Task to carry out
Copy out exactly the lines that begin with the one containing "FOG LIGHT ADJUSTMENT (A type)" and continue until the last line of the material.

### Extracted material

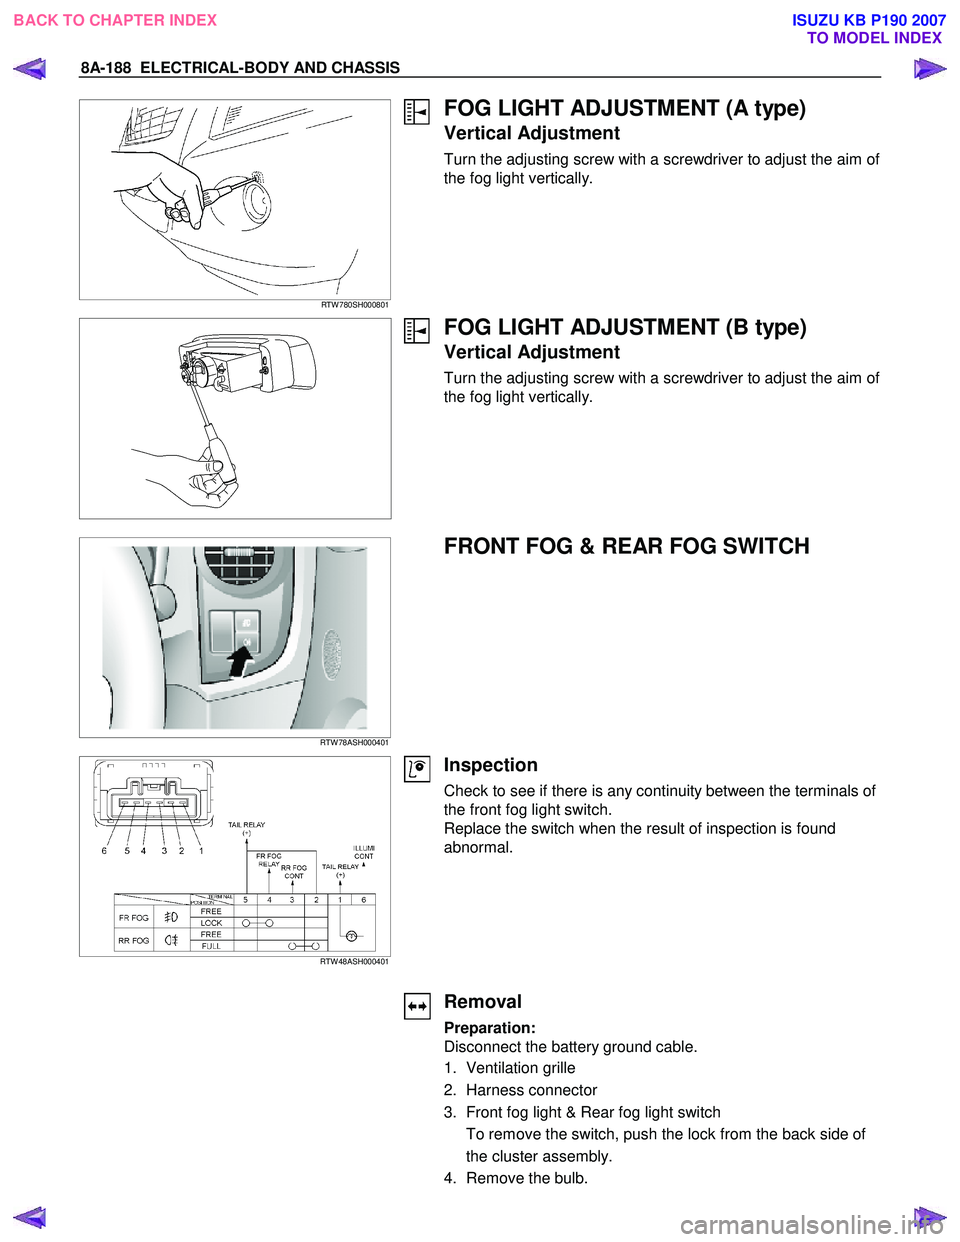 ISUZU KB P190 2007  Workshop Owners Manual 8A-188  ELECTRICAL-BODY AND CHASSIS 
  
 RTW 780SH000801 
FOG LIGHT ADJUSTMENT (A type) 
Vertical Adjustment 
Turn the adjusting screw with a screwdriver to adjust the aim of  
the fog light verticall

######

Task output
FOG LIGHT ADJUSTMENT (A type) 
Vertical Adjustment 
Turn the adjusting screw with a screwdriver to adjust the aim of  
the fog light verticall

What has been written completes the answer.